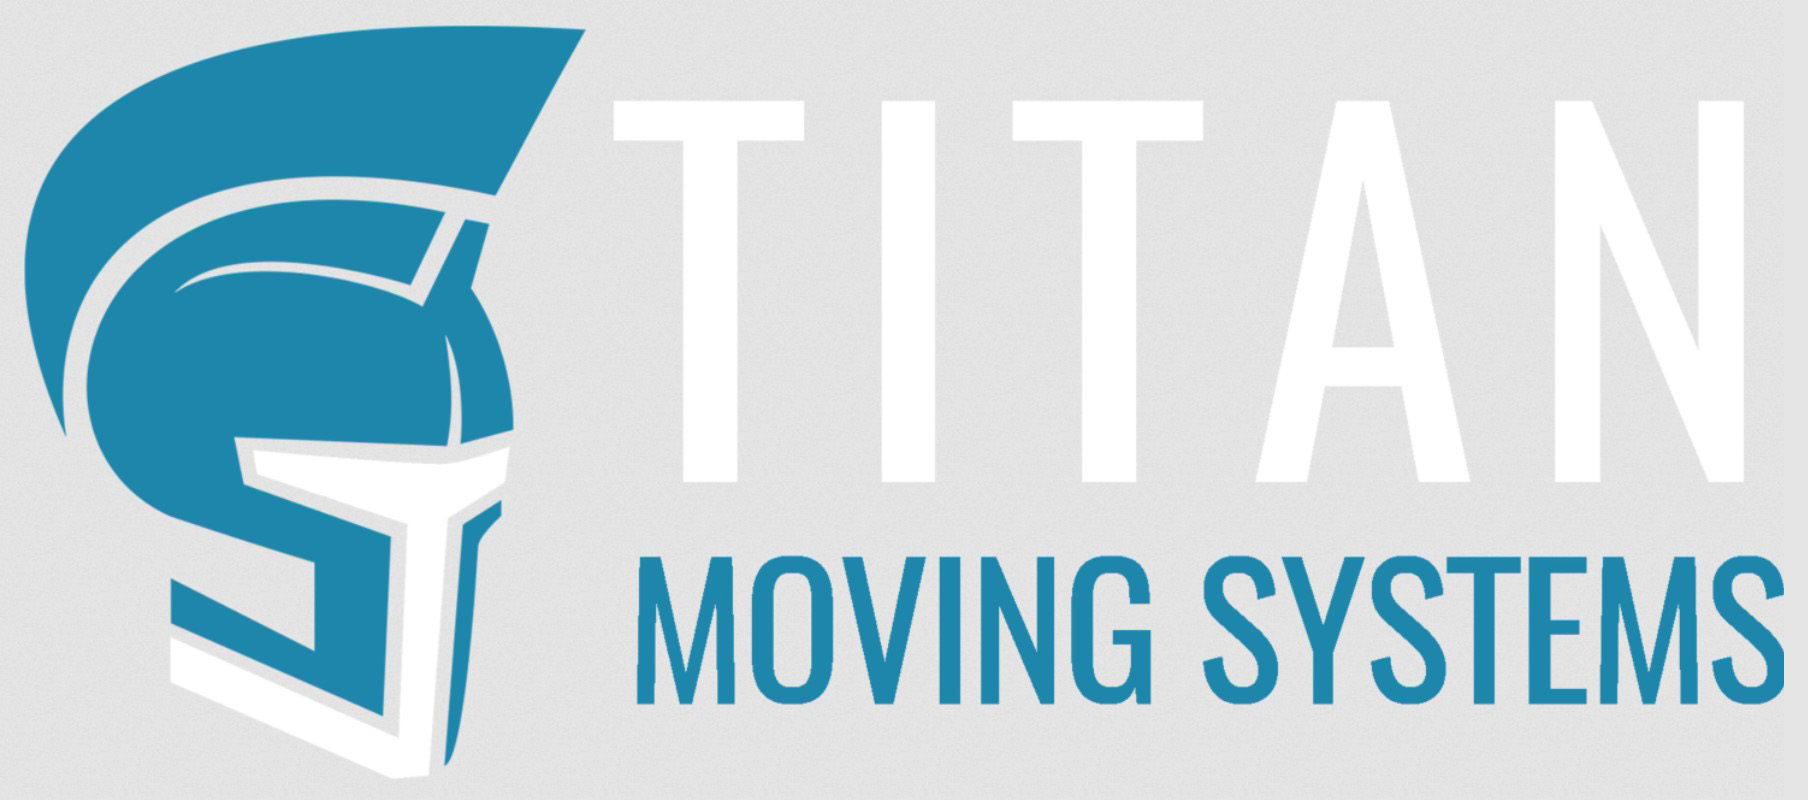 Titan Moving Systems company logo
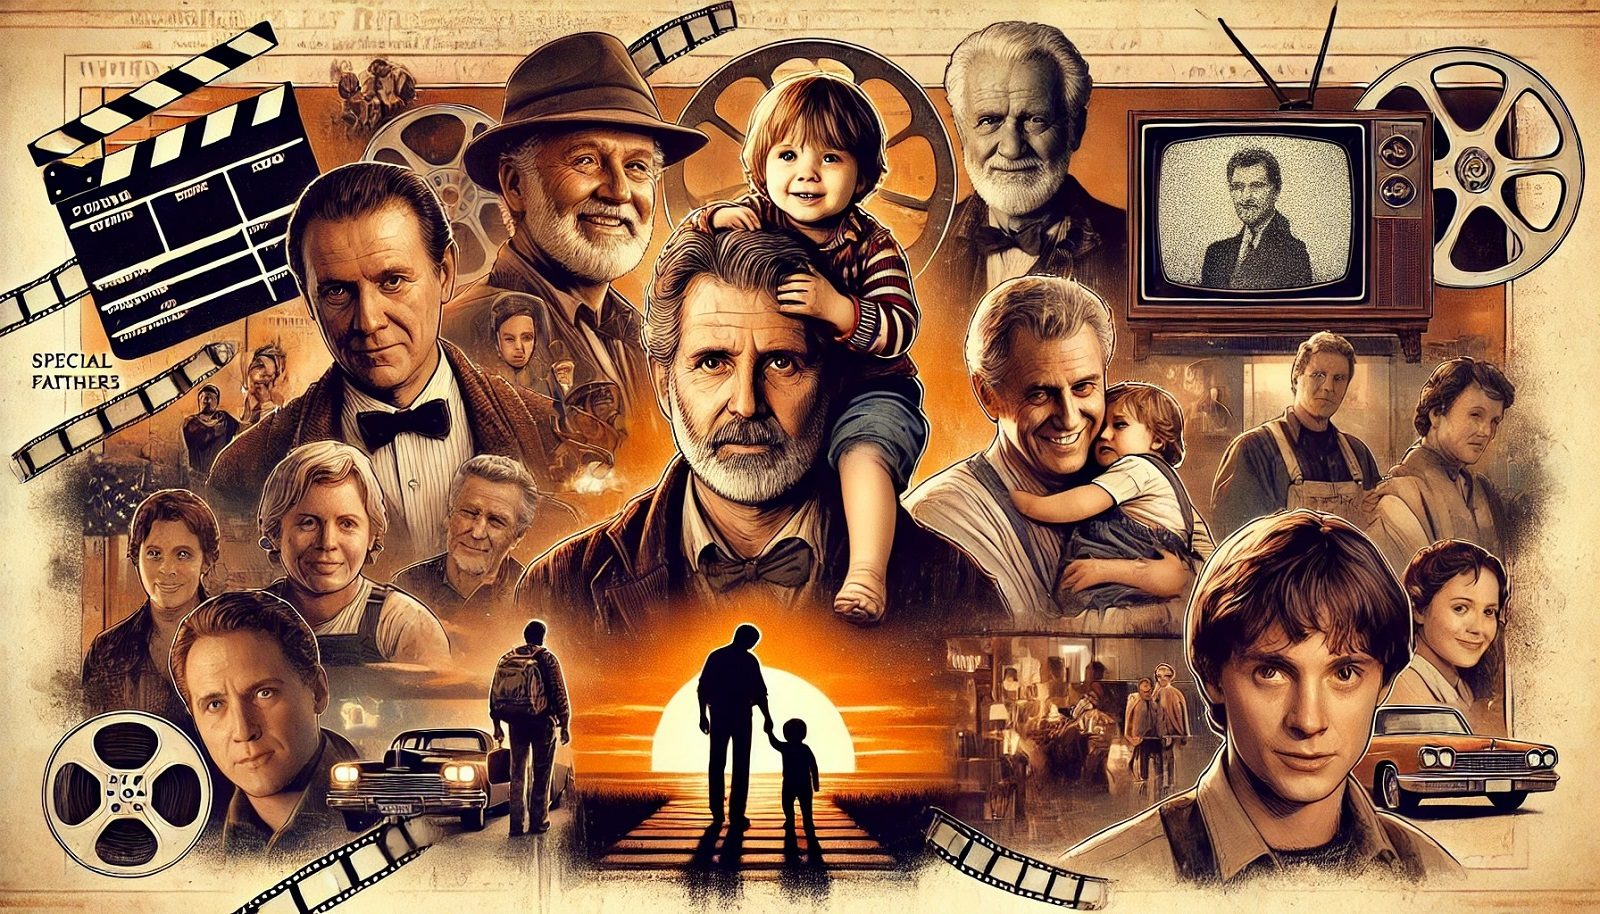 Väter auf der Leinwand – 8 besondere Film- und Serienpapas als Vorbilder
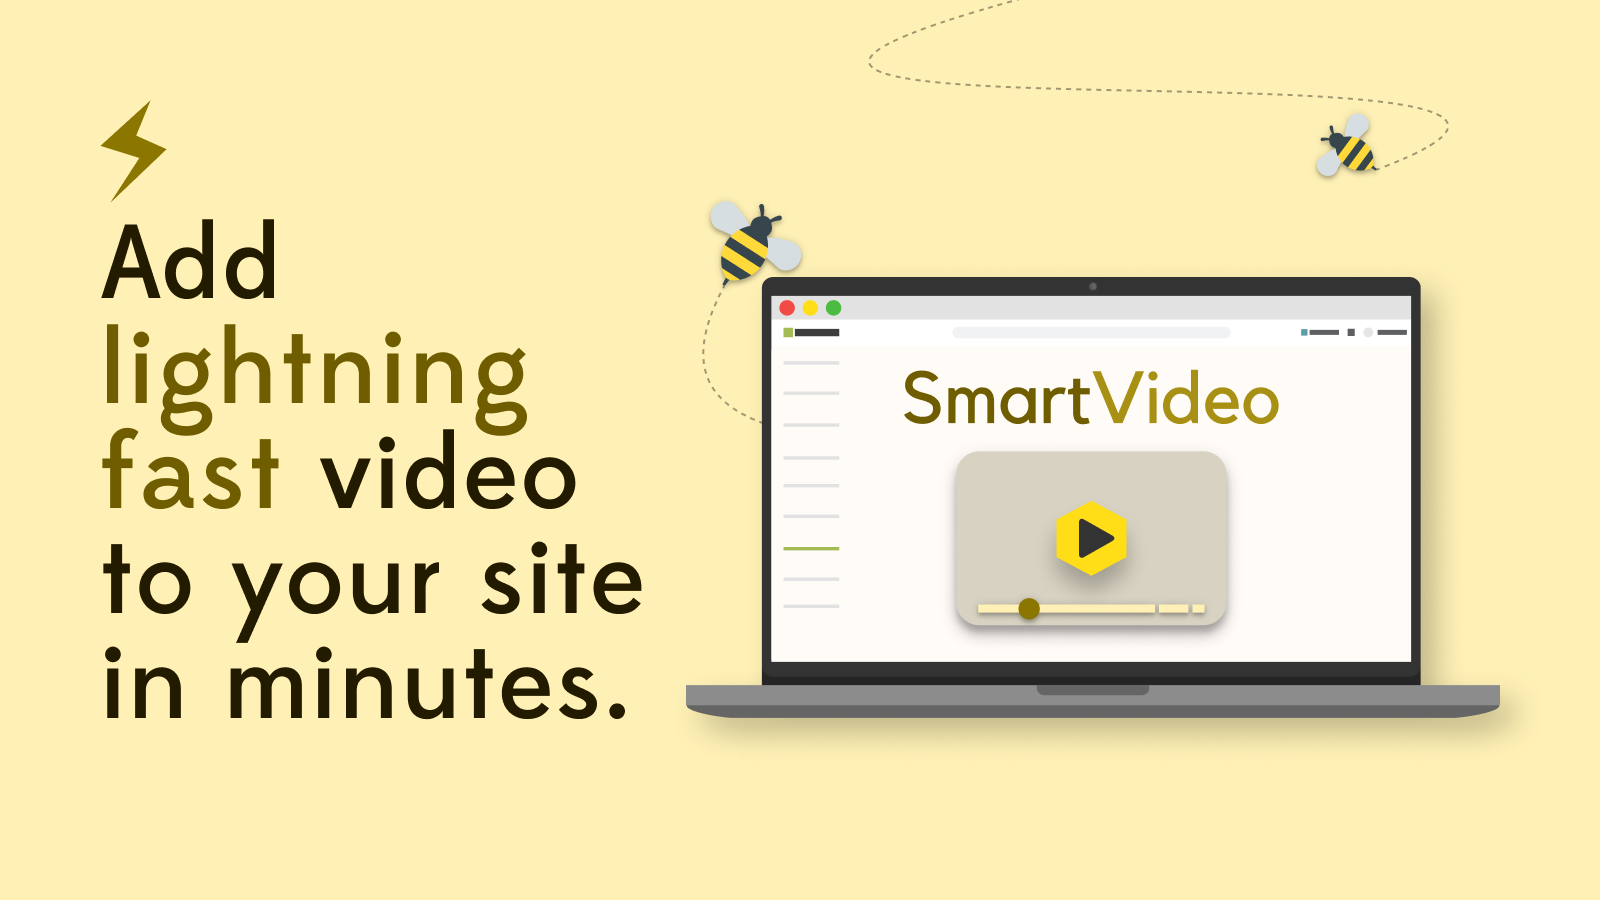 lägg till blixtsnabb video på din webbplats på några minuter med SmartVideo

● **TASK PROMPT**
Reproduce all the material exactly, omitting images.

● **WRITTEN SOLUTION**
 Titan Moving Systems company logo
 Väter auf der Leinwand – 8 besondere Film- und Serienpapas als Vorbilder
 lägg till blixtsnabb video på din webbplats på några minuter med SmartVideo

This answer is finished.